There is collective superintelligence, where individually smart entities work together form a much smarter whole. At least so far in history, while the behavior of collectives is often hard to predict, their goals have generally been simpler than those of their constituent human minds. I don’t think that’s necessarily a prerequisite for nonhuman collectives, but something has to keep the component goals aligned with each other, well enough to ensure the system as a whole retains coherence. Presumably that somehow is a subset of the overall system—which seems to imply that a collective superintelligence’s goals must be comprehensible to and decided by a smaller collective, which by your argument would seem to be itself less constrained by the forces pushing superintelligences towards convergence. Maybe this implies a simplification of goals as the system gets smarter? But that competes against the system gradually improving each of its subsystems, and even if not it would be a simplification of the subsystems’ goals, and it is again unclear that one very specific goal type is something that every possible collective superintelligence would converge on.

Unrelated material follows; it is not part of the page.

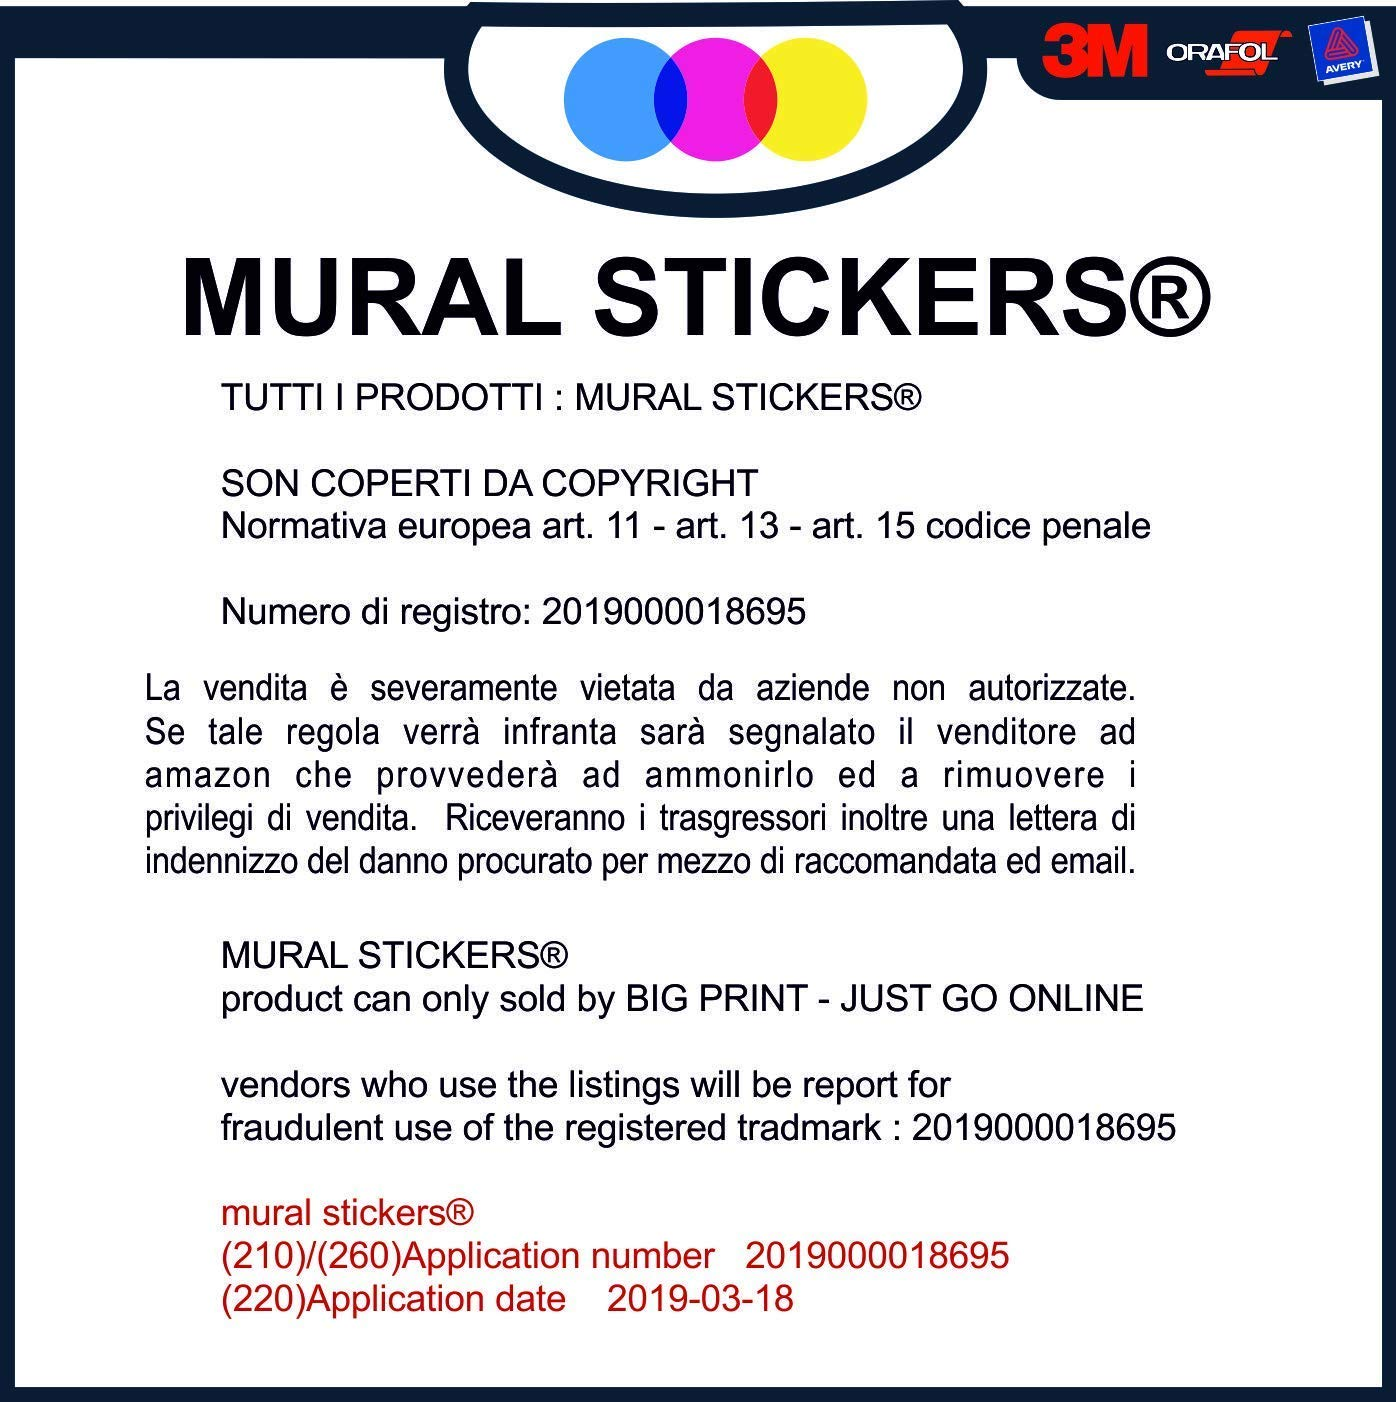 Adhesivo Moto y Ordenador Apto para Coche Ni/ña a Bordo Ni/ño a Bordo Copyright /© 2017 Bianco mural stickers Pegatina de beb/é a Bordo

Then there’s quality superintelligence, which he admits is a murky category, but which includes: larger working and total memory, better speed of internal communication, more total computational elements, lower computational error rate, better or more senses/sensors, and more efficient algorithms (for example, having multiple powerful ANI subsystems it can call upon). That’s a lot of possible degrees of freedom in system design. Even in the absence of the orthogonality thesis, it is at best very unclear that all superintelligences would tend towards the specific kind of goals you’re highlighting.
In that last sense, you’re making the kind of mistake EY was pointing to in this part of the quantum physics sequence, where you’ve ignored an overwhelming prior against a nice-sounding hypothesis based on essentially zero bits of data. I am very confident that MIRI and the FHI would be thrilled to find strong reasons to think alignment won’t be such a hard problem after all, should you or any of them ever find such reasons.